Streaming Sliced Optimal Transport: Stream-SW is the first algorithm capable of estimating Sliced Wasserstein (SW) distance on a "sample stream": it utilizes KLL/quantile sketches on each 1D projection to maintain an approximate quantile function, transforming the closed-form 1D Wasserstein integral into a streamable estimator. The space complexity is only logarithmic relative to the number of samples, bringing SOT to "one-look-and-discard" scenarios such as IoT and edge devices.
SVL: Spike-based Vision-Language Pretraining for Efficient 3D Open-World Understanding: SVL injects open-world understanding into Spiking Neural Networks (SNNs) via "3D-Image-Text" tri-modal contrastive pre-training. By "reparameterizing" the text encoder into a set of classification weights, the inference stage becomes entirely free of the text tower, remaining purely spike-driven. It achieves 85.4% zero-shot classification on ModelNet40 while consuming only 0.5%–11% of the energy of equivalent ANN methods.
The Structural Origin of Attention Sink: Variance Discrepancy, Super Neurons, and Dimension Disparity: This paper reveals the structural root of "attention sinking to the first token" in LLMs: the lack of value aggregation for the first token under causal masking leads to variance discrepancy, which is selectively amplified by super neurons in the FFN to form extreme dimensional disparity, eventually locking QK projections to force attention sinks. Based on this, head-wise RMSNorm is proposed to suppress sinks from the root during the pre-training stage.
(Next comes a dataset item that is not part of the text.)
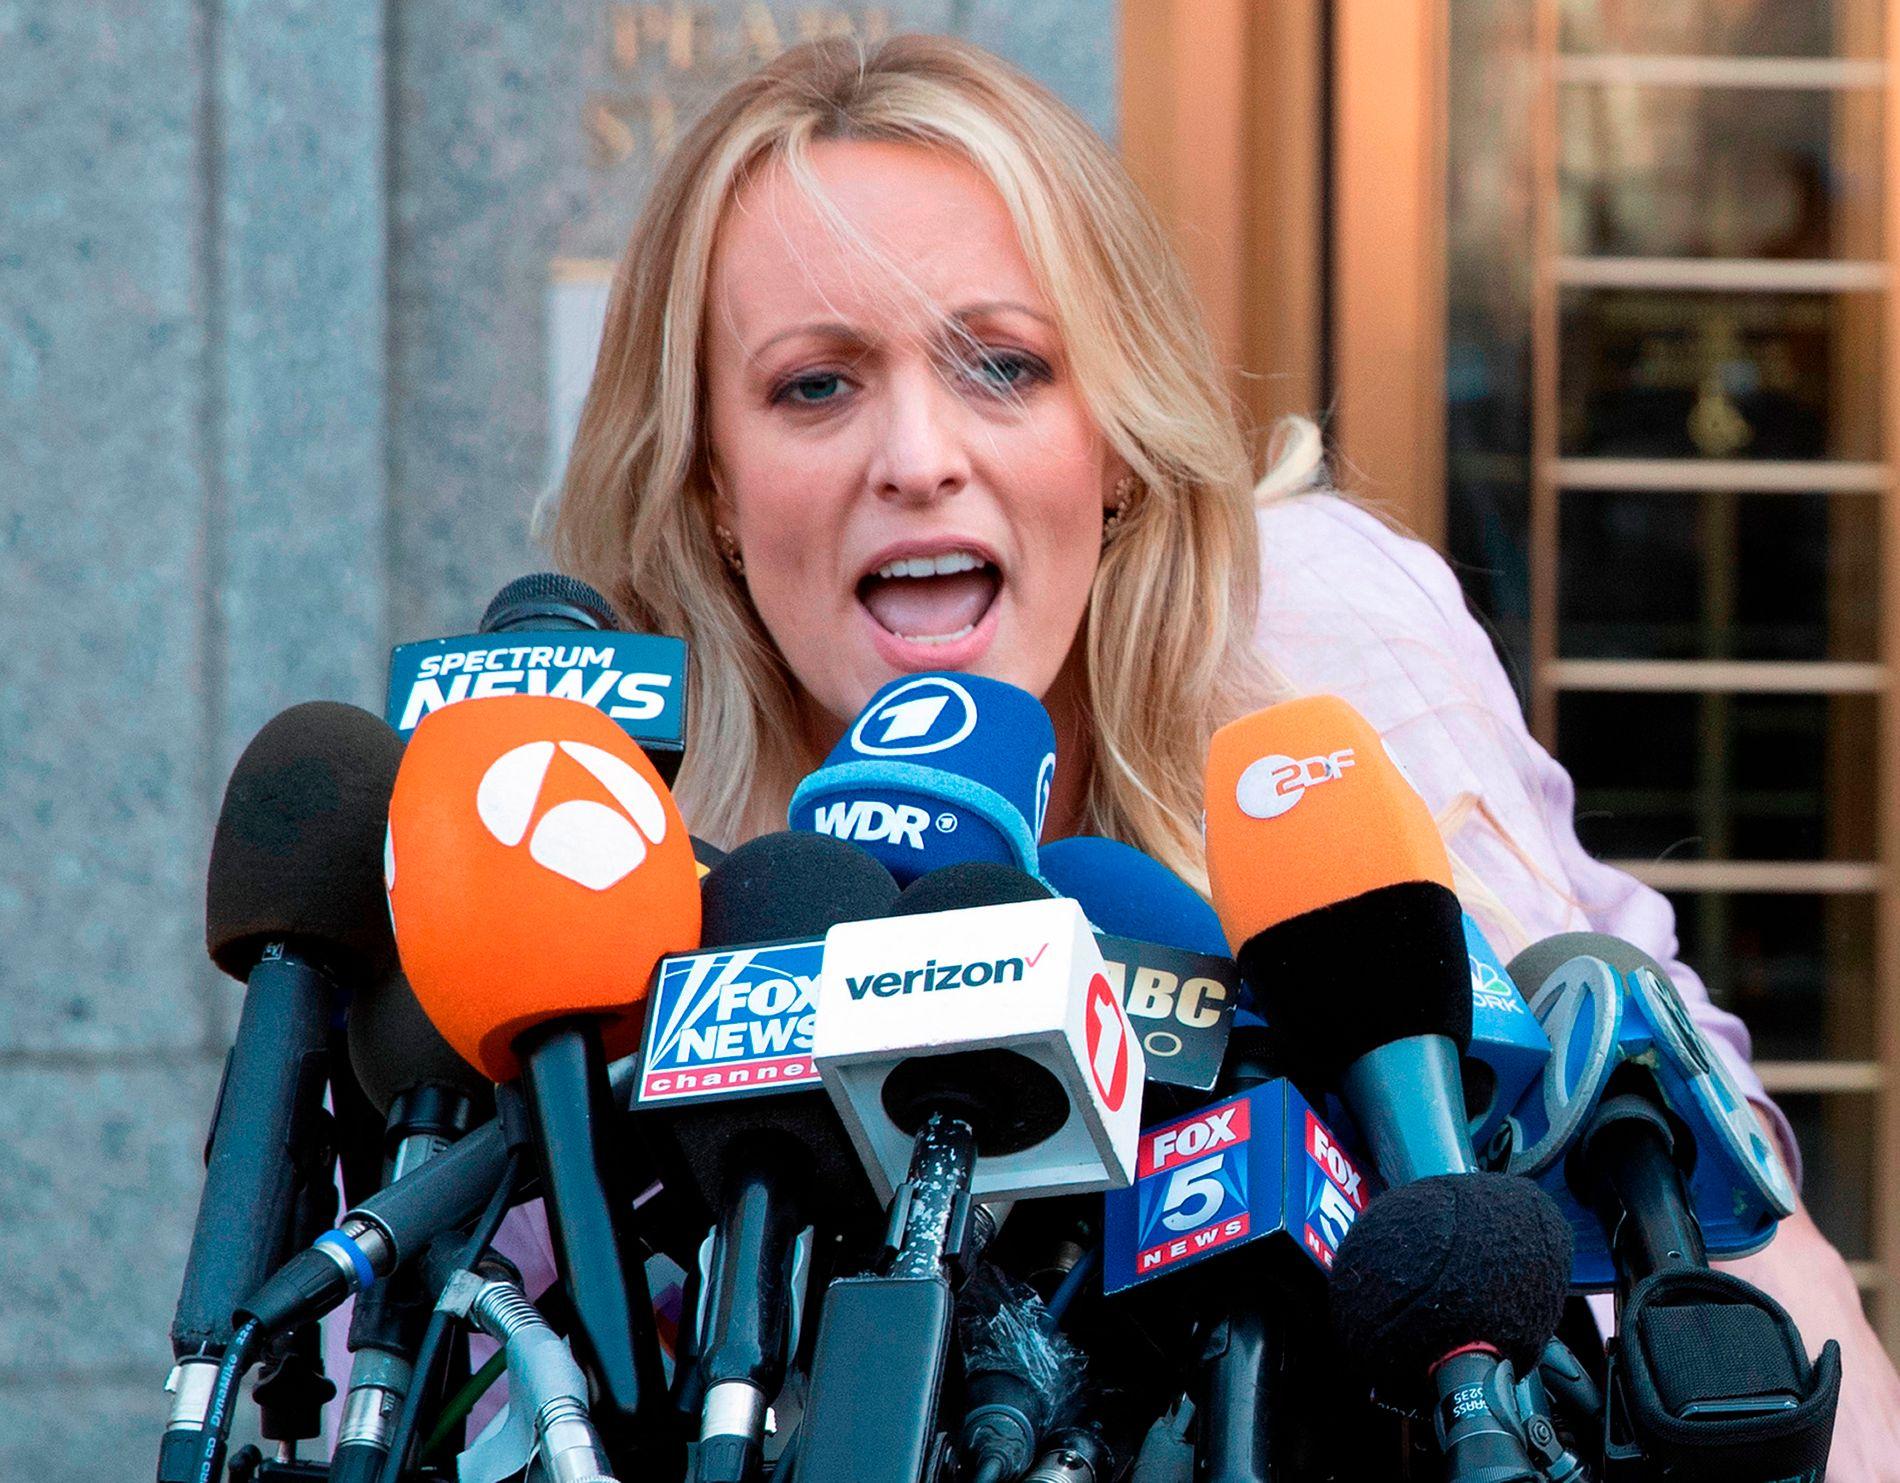 Stephanie Clifford, bedre kjent under artistnavnet Stormy Daniels, saksøker president Donald Trump for ærekrenkelser.  Hun har tidligere gått til søksmål mot Trump og hans advokat Michael Cohen.

TideGS: Scalable Training of Over One Billion 3D Gaussian Splatting Primitives via Out-of-Core Optimization: TideGS migrates the 3DGS parameter table to an SSD, virtualizing it into "blocks" while utilizing GPU VRAM as a cache for the view-frustum visibility working set. Coupled with a three-stage asynchronous pipeline and trajectory-adaptive differential streaming, it pushes the scale of trainable Gaussians from approximately 11M (native 3DGS) or 105M (CLM) to over 1 billion on a single 24 GB GPU, achieving large-scene reconstruction quality superior to all evaluated single-GPU baselines.
Trust3R: Evidential Uncertainty for Feed-Forward 3D Reconstruction: Trust3R introduces a probabilistic evidential learning framework for feed-forward 3D reconstruction models like MASt3R. By utilizing a Normal-Inverse-Wishart prior to predict a closed-form multivariate Student-t distribution for each 3D point, it replaces heuristic confidence scores. This allows for the output of probabilistically interpretable point-wise uncertainty in a single forward pass, reducing AURC by 25% and AUSE by 41% on ScanNet++.
Zero-Shot 3D Question Answering via Hierarchical View-to-Token Transportation: KeyVT decomposes the process of feeding multi-view images sampled from 3D point clouds into 2D VLMs for 3D QA into a two-level hierarchical workflow: "key view selection" followed by "key token selection." At the view level, it uses camera geometry to partition the scene into spatially continuous sub-scenes and allocates token budgets based on relevance. At the token level, it employs Optimal Transport (OT) to eliminate cross-view redundancy. This training-free method approaches or exceeds the performance of supervised models on ScanQA, SQA3D, and VSI-Bench.